A meteorologista e Cientista do Nosso Estado pela Fundação atribui à FAPERJ a viabilização da pesquisa inédita da bioclimatologia da América do Sul. O estudo também foi contemplado no edital de Apoio a Projetos Temáticos no Estado do Rio de Janeiro; recebeu bolsa de Treinamento e Capacitação Técnica (TCT) para Vitor Miranda, primeiro autor do artigo; bolsa de Pós-Doutorado Nota 10 para o segundo autor do artigo, Djacinto Aparecido dos Santos; e Jovem Pesquisador da FAPERJ para Leonardo Peres. 
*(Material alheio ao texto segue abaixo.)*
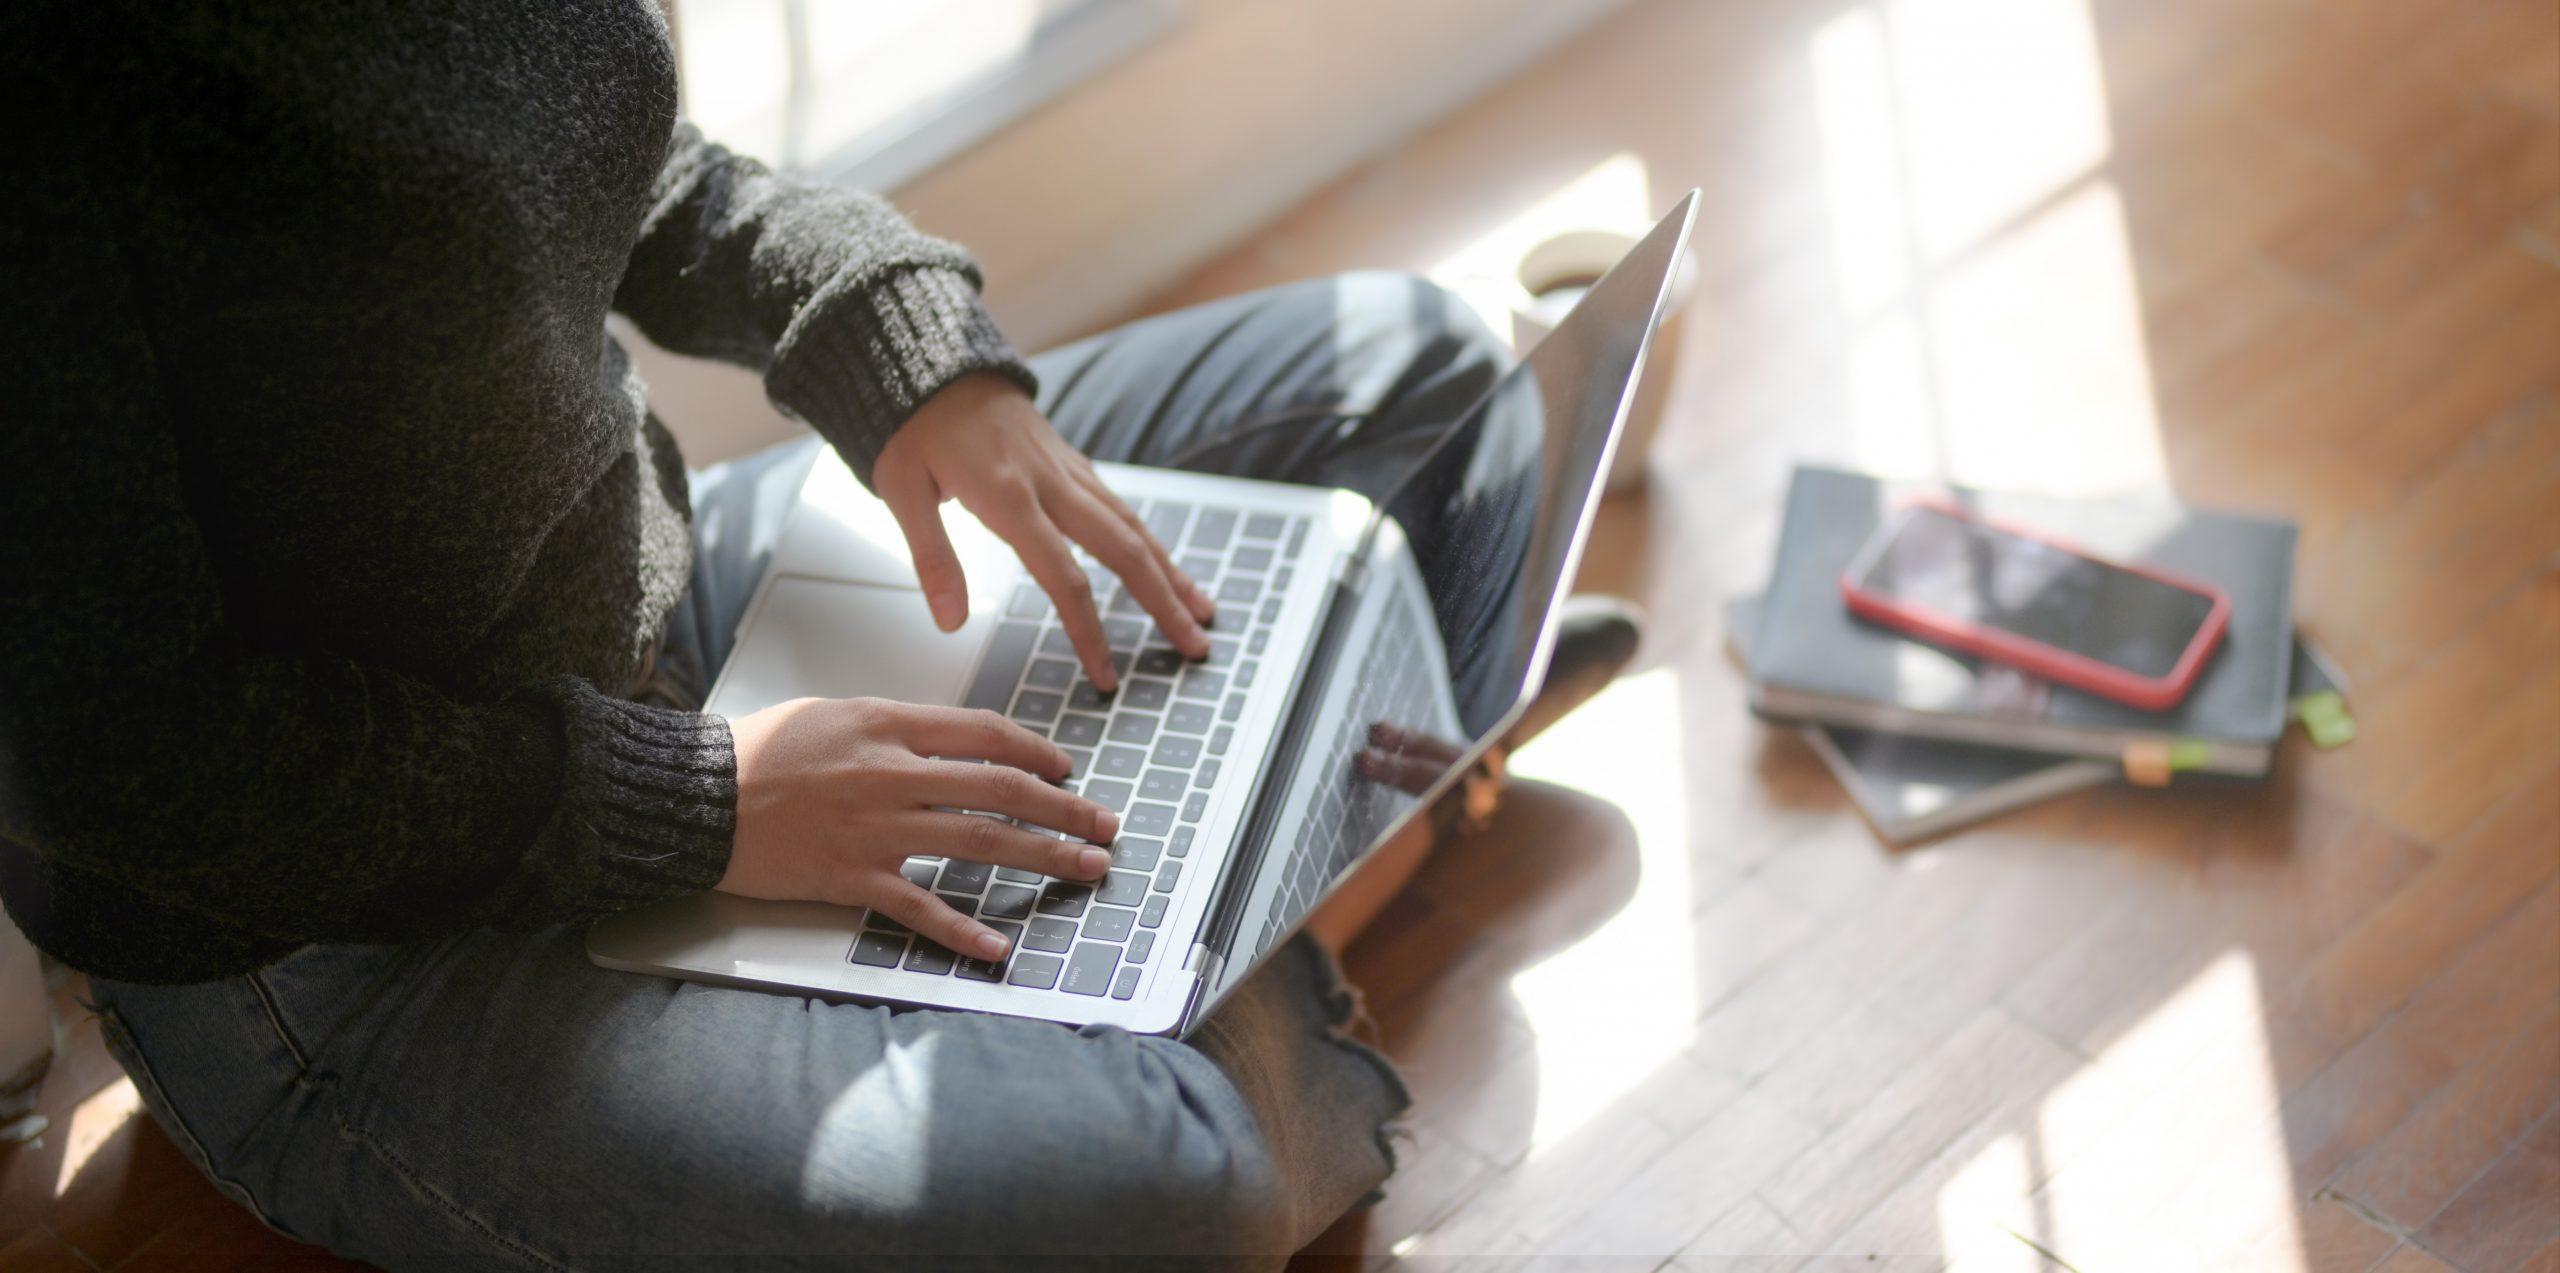 woman-sitting-on-the-floor-using-laptop-3759057

"O trabalho é de grande importância para a sociedade, visto que com um aumento da frequência de eventos extremos (tais como as ondas de calor) o corpo humano acaba por ter de se adaptar e, por isso, acaba sofrendo com o estresse térmico. O estudo é pioneiro em analisar o comportamento do estresse térmico sob uma perspectiva climatológica e continental, o que é muito importante para as questões de saúde pública como um todo”, considera Vitor Miranda. Grato à FAPERJ pela concessão da bolsa de TCT, ele considera que o estudo foi muito importante para a sua formação, pois permitiu uma melhor compreensão sobre os efeitos dos extremos de calor sob a população, visando uma melhor abordagem temporal e espacial.
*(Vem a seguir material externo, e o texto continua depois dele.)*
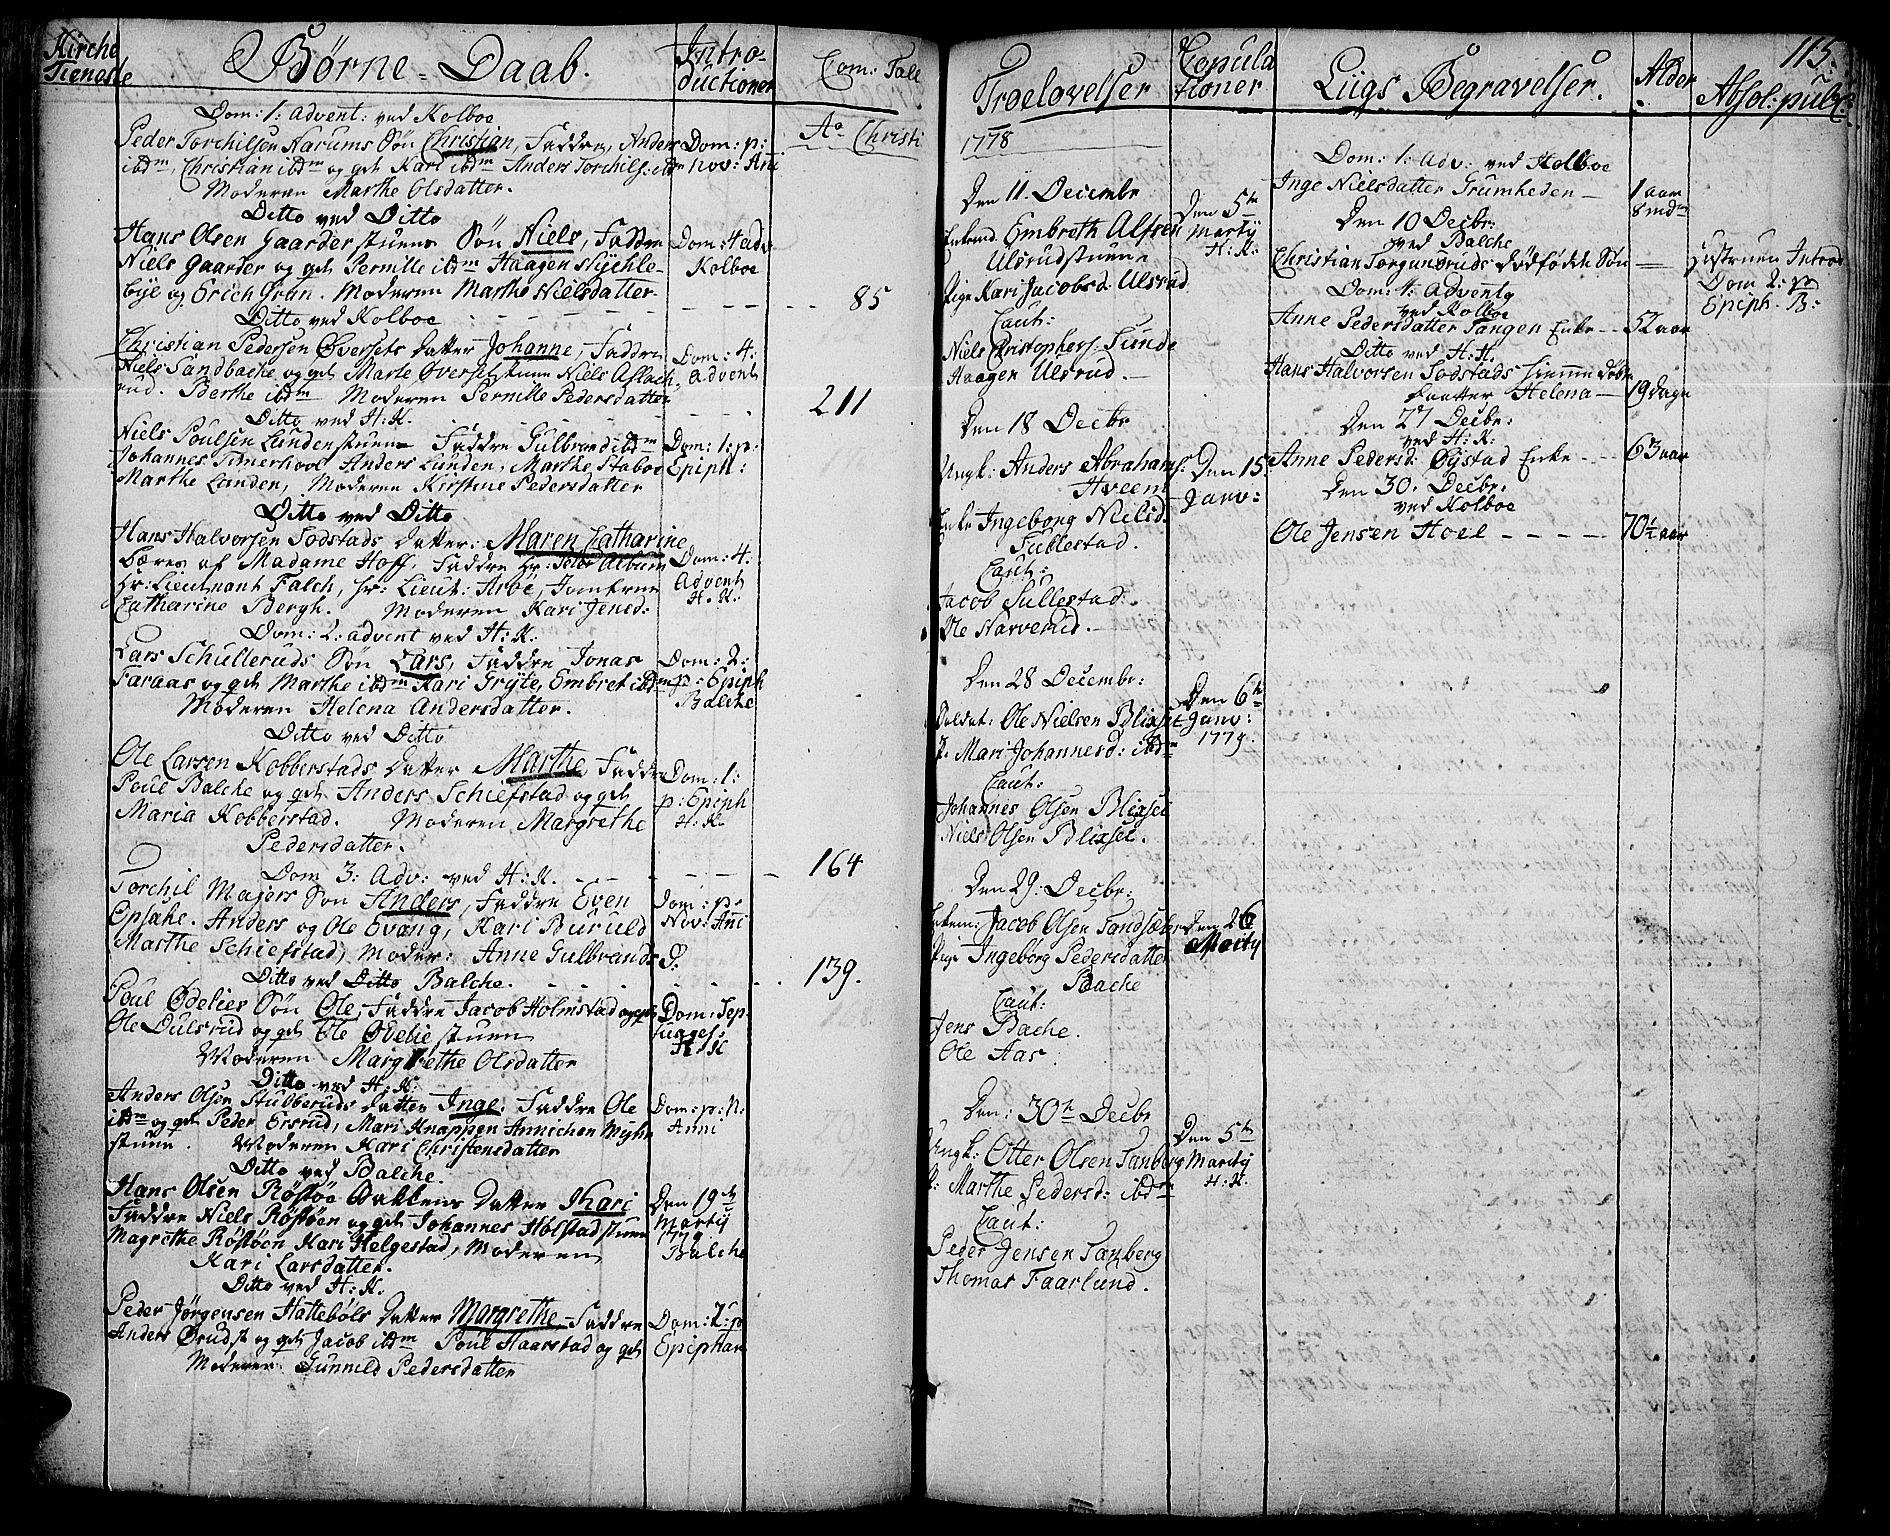 SAH, Toten prestekontor, Ministerialbok nr. 6, 1773-1793, s. 115

Vitor Miranda: para o primeiro autor do artigo, o estudo foi muito importante para a sua formação

Renata Libonati, eleita pela empresa 3M uma das 25 mulheres cientistas na América Latina 2023 que estão mudando o mundo por meio da ciência, por seus estudos sobre prevenção de incêndios florestais e queimadas por meio de satélite, aponta as mudanças climáticas como as principais responsáveis pelo aumento da frequência e intensidade destes eventos extremos compostos de secas e ondas de calor. Ela ressalta que este ano, este tipo de evento composto pode ser agravado pelo El Niño, fenômeno climático caracterizado pelo aumento das temperaturas do oceano Pacífico equatorial, que no Brasil provoca chuvas torrenciais na região Sul e secas severas no Norte e Nordeste. O Sudeste brasileiro, devido às suas características naturais, socioeconômicas e demográficas, é uma das regiões mais vulneráveis à ocorrência de condições concorrentes de seca e onda de calor severos. Apesar dos riscos, ainda há poucos estudos focados nesta matéria para essa região brasileira, como de uma forma geral para todo o continente Sul Americano.
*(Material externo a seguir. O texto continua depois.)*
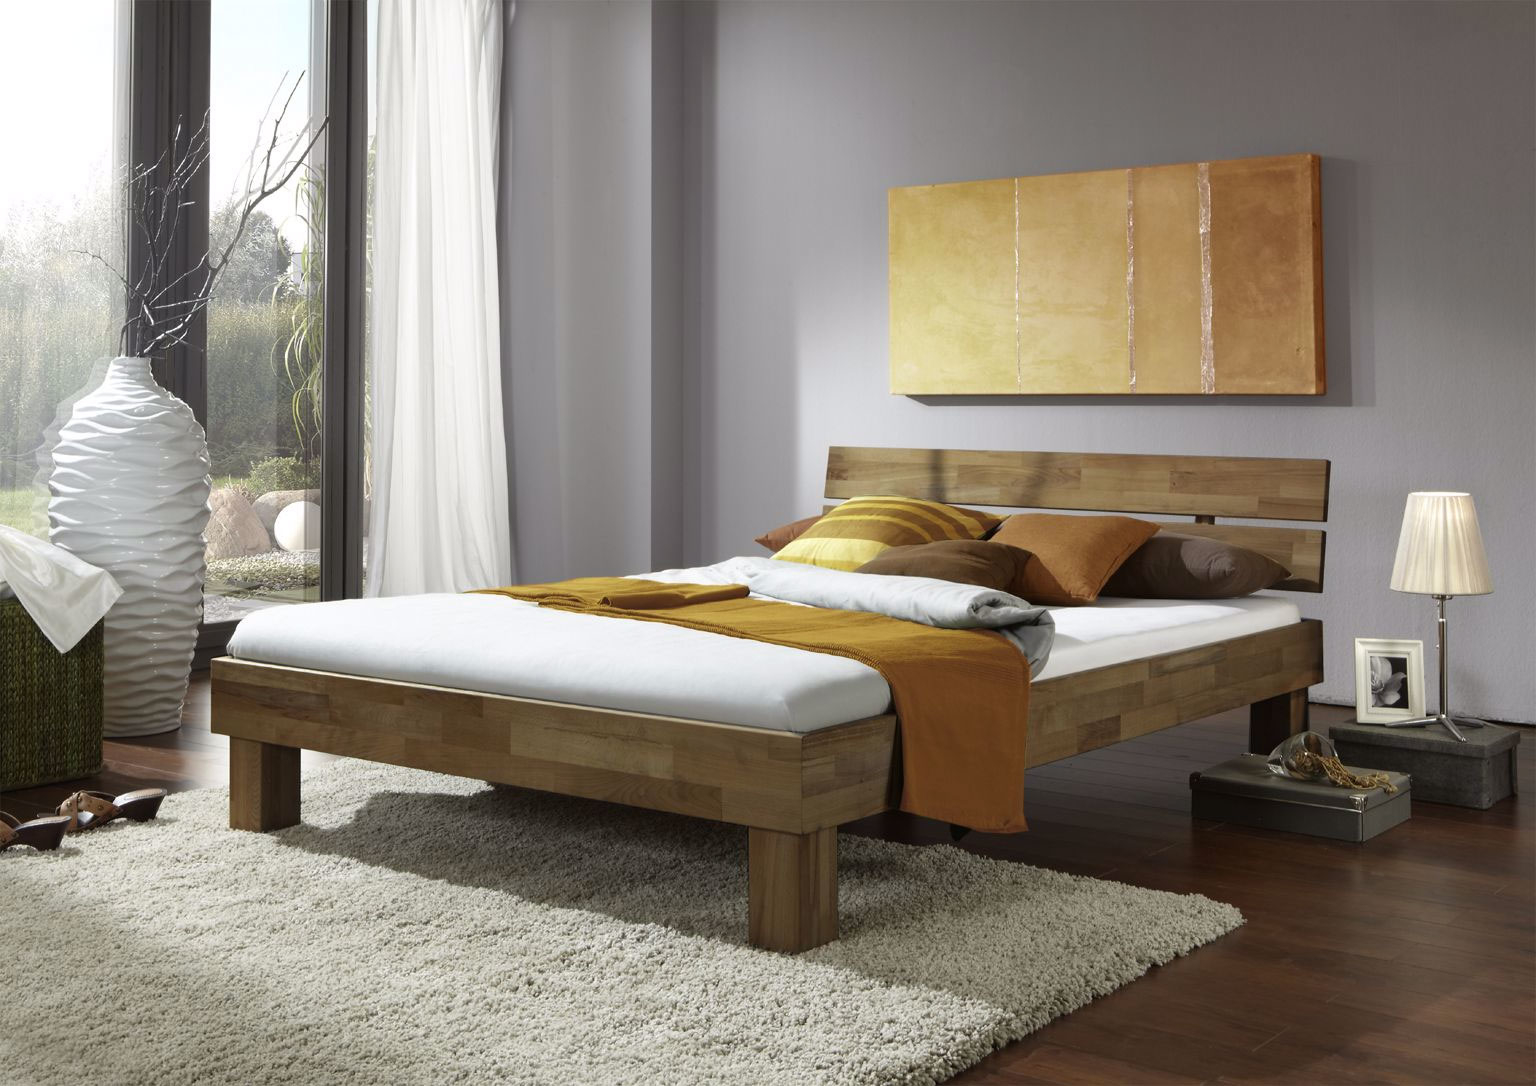 Full Size of Bett 100x200 Weiß Betten Wohnzimmer Futonbett 100x200

Renata destaca também a possibilidade de o estresse térmico aumentar mortalidade, além de ser responsável por 20% a mais de partos prematuros, fatos que foram abordados recentemente no artigo de revisão do grupo: Drought–heatwave nexus in Brazil and related impacts on health and fires: A comprehensive review, publicado na revista Annals of the New York Academy of Sciences. “Precisamos considerar o calor extremo como um desastre natural e um fator determinante sobre a saúde da população, sob o risco de uma sobrecarga – muitas vezes invisível - no sistema público de saúde”. Para a pesquisadora, o País está atrasado na elaboração de políticas públicas de prevenção e controle das mortes e agravos decorrentes do estresse térmico sobre a população e na adaptação das cidades ao calor. “É urgente a implementação de ações da agenda 2030 relacionadas às mudanças climáticas de forma transversal e que possam alcançar práticas que incidem em proteção à vida, principalmente dos grupos vulneráveis”, conclui.